* [Extracted information]:
****************

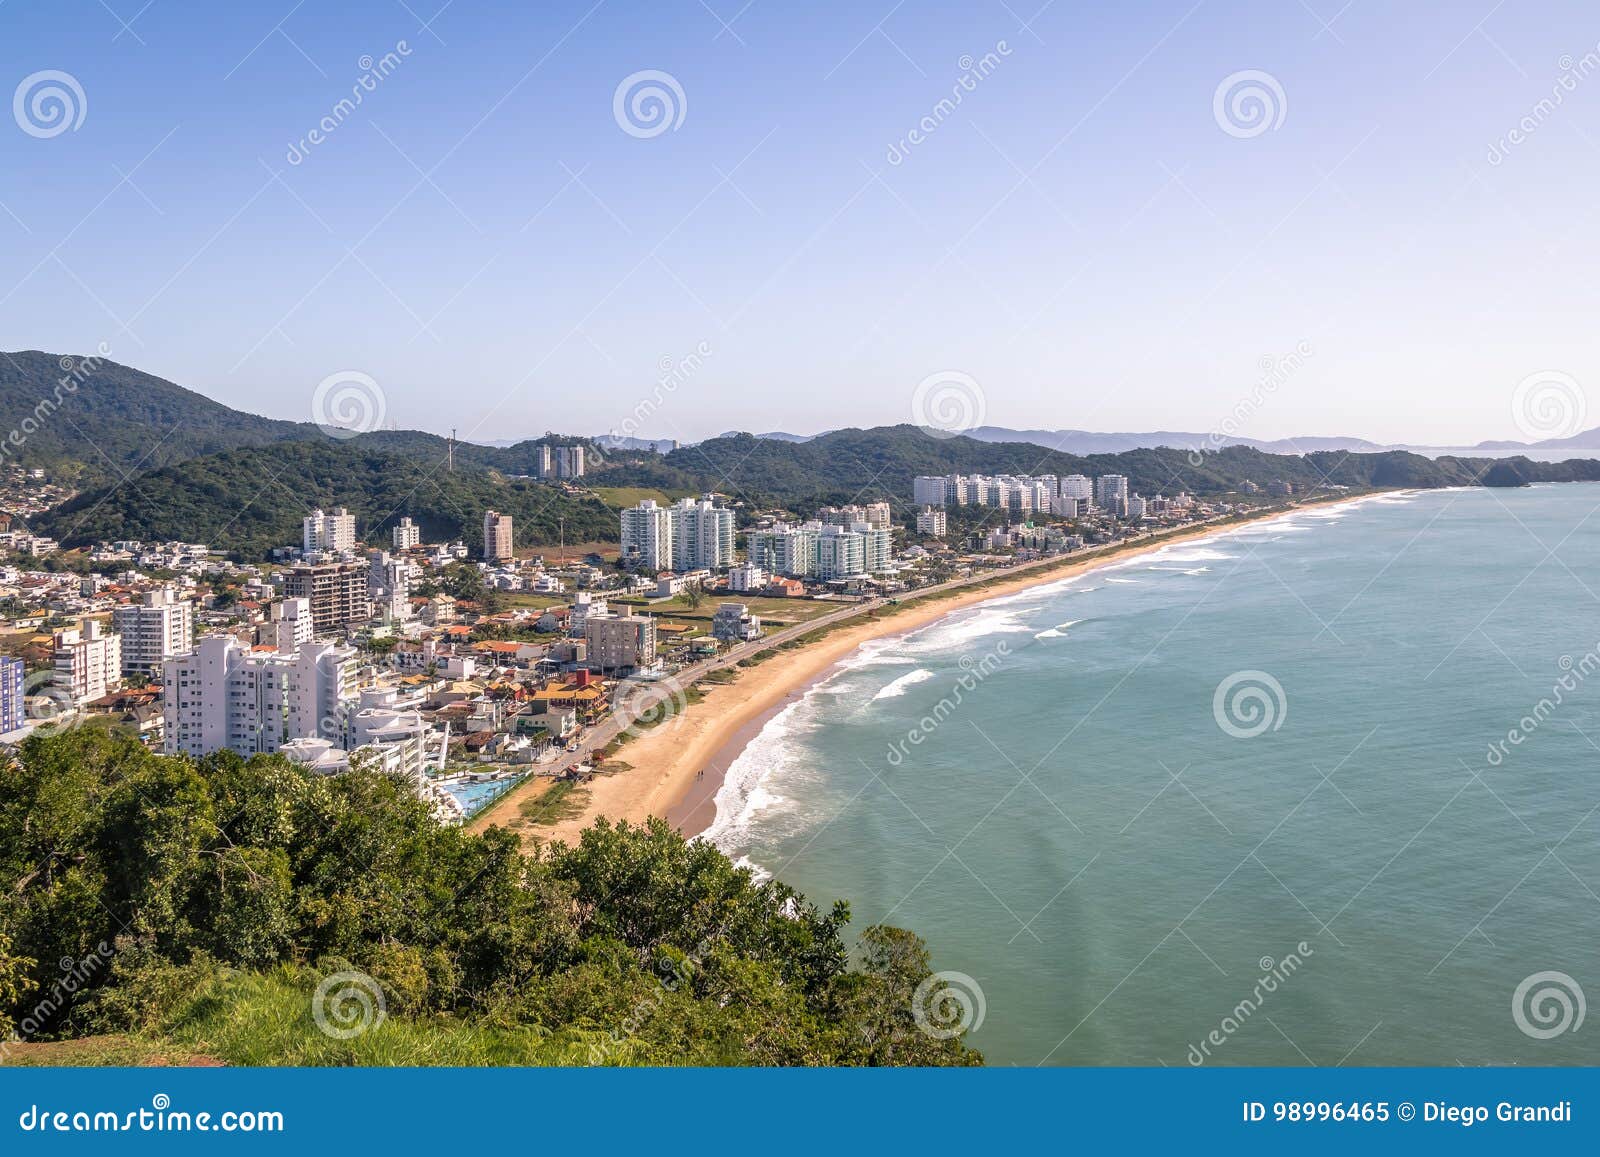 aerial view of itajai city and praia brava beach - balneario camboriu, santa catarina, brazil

****************

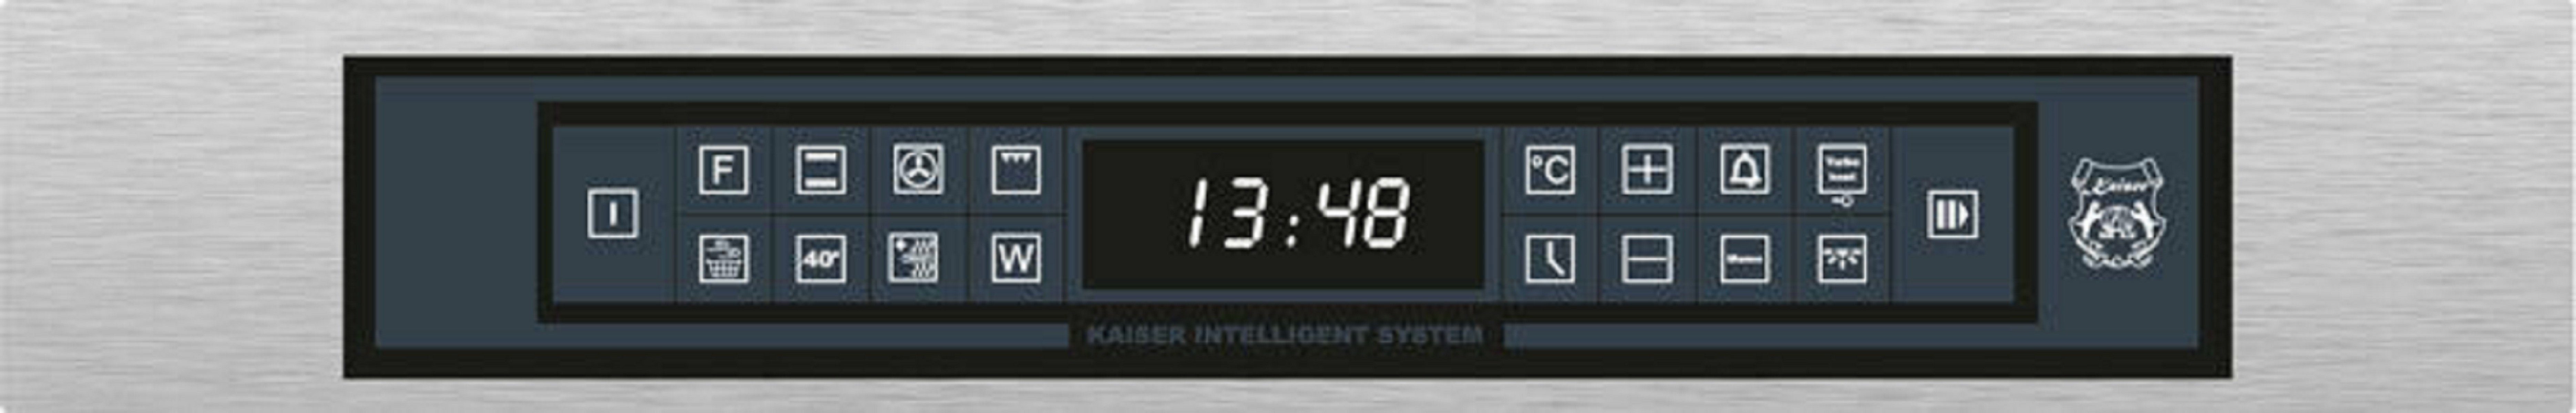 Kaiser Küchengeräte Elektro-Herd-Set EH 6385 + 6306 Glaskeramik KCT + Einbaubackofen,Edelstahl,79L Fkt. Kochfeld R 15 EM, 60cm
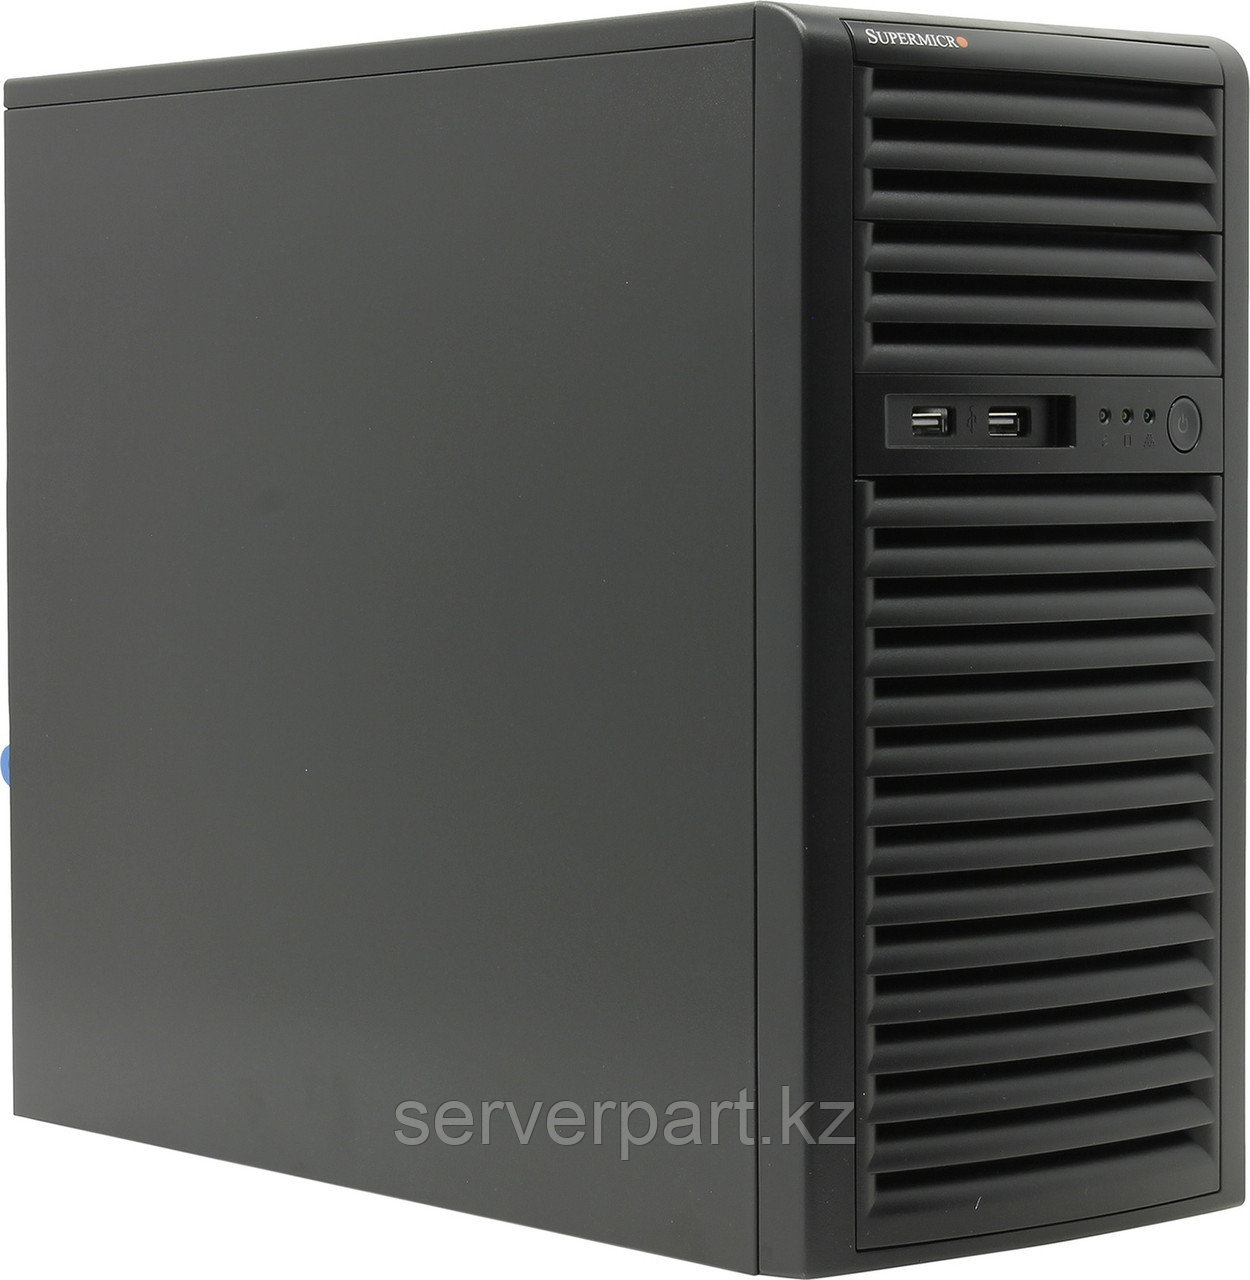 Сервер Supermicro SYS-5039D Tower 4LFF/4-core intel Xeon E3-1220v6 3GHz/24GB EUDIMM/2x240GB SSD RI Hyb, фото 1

****************

* [Task goal]:
Copy out the lines above from the line containing "Kaiser Küchengeräte Elektro-Herd-Set" through the line containing "Сервер Supermicro SYS-5039D", exactly, and keep the pictures out.

* [The completed task]:
 Kaiser Küchengeräte Elektro-Herd-Set EH 6385 + 6306 Glaskeramik KCT + Einbaubackofen,Edelstahl,79L Fkt. Kochfeld R 15 EM, 60cm
 Сервер Supermicro SYS-5039D Tower 4LFF/4-core intel Xeon E3-1220v6 3GHz/24GB EUDIMM/2x240GB SSD RI Hyb, фото 1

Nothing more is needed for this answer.